Here's what the different name-value pairs in that response represent:

access_tokenThe newly-issued access token.
refresh_tokenThe refresh token that accompanies the access token.
expires_inAmount of time (in seconds) before the access token expires. In this case, that's 1 hour (60 seconds x 60 minutes = 3,600 seconds).
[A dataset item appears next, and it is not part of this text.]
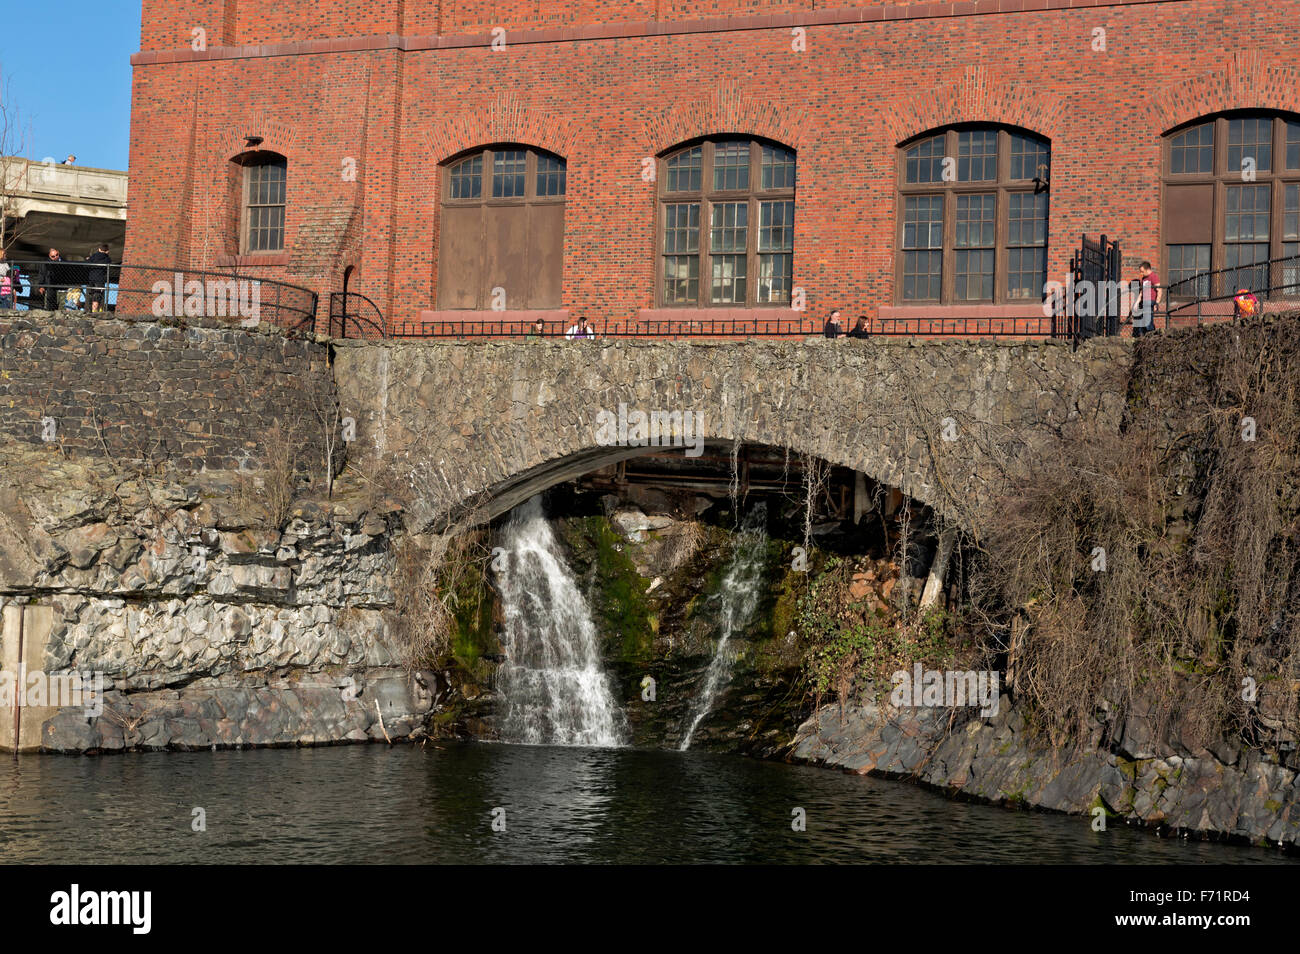 WASHINGTON - A waterfall below the Washington Water Powerplant from Huntington Park at Spokane Falls in downtown - Stock Image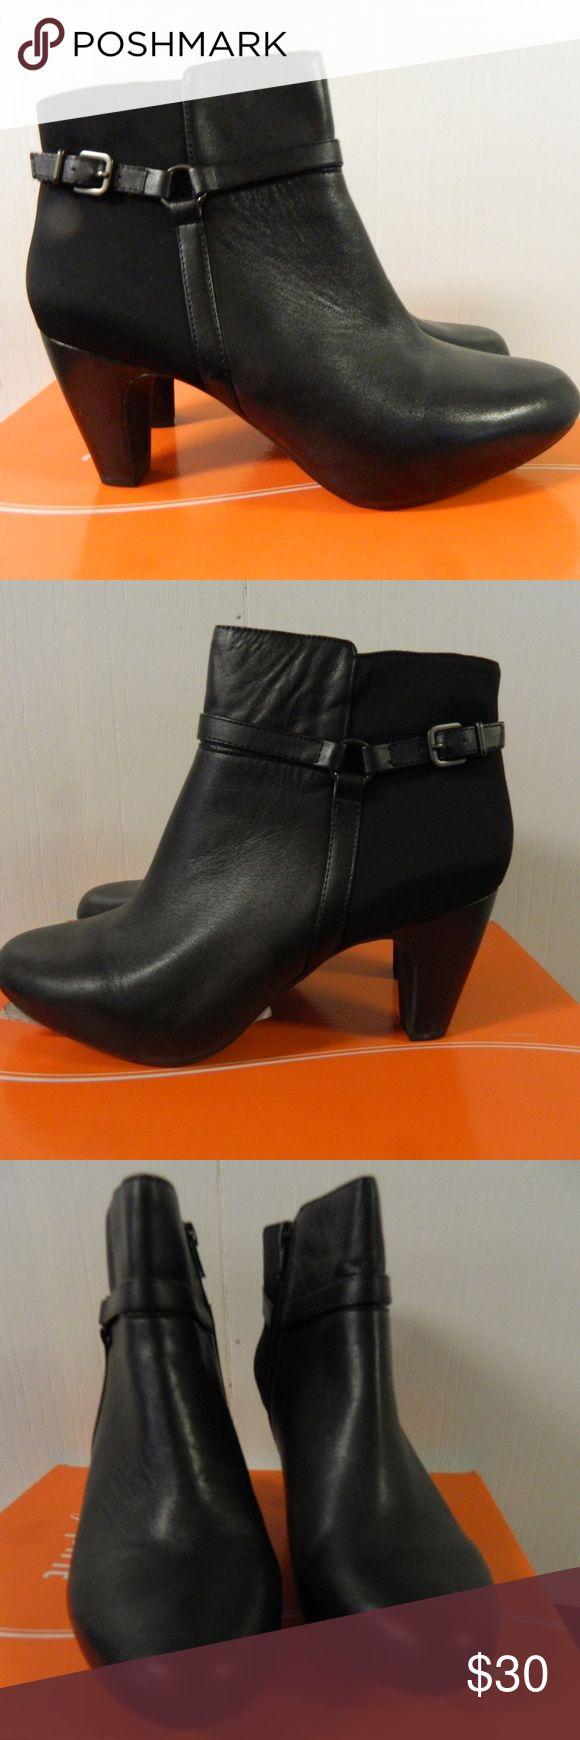 "Easy Spirit Pedrina Ankle Boots sz 91/2 M NIB Excellent condition.  Side zipper opening.  3 "" heel.  Black Easy Spirit Shoes Ankle Boots & Booties"

Incidentally, identity tokens also expire after 1 hour (although that doesn’t matter too much because identity tokens are rarely used after they have been issued). Refresh tokens have a default lifespan of 90 days.
token_typeAccess token type. The token type will always be set to bearer, meaning that whoever has possession of the token is considered the rightful owner of that token. To gain access to resources, you only have to present the access token: you do not have to do anything to “prove” that the token belongs to you.
scopeThe OIDC scopes that the token has permission to retrieve. Scopes represent different sets of user profile attributes; for example, the profile scope enables you to return such things as the user’s name, his or her gender, his or her birthdate, etc.
id_tokenThe user’s identity token.

If you’re curious about the actual contents of a token, see the article Token reference. In addition to that, you can decode an access token or a refresh token by using the introspection endpoint, and you can use any of a number of different JSON Web Token (JWT) decoders in order to view the contents of an identity token.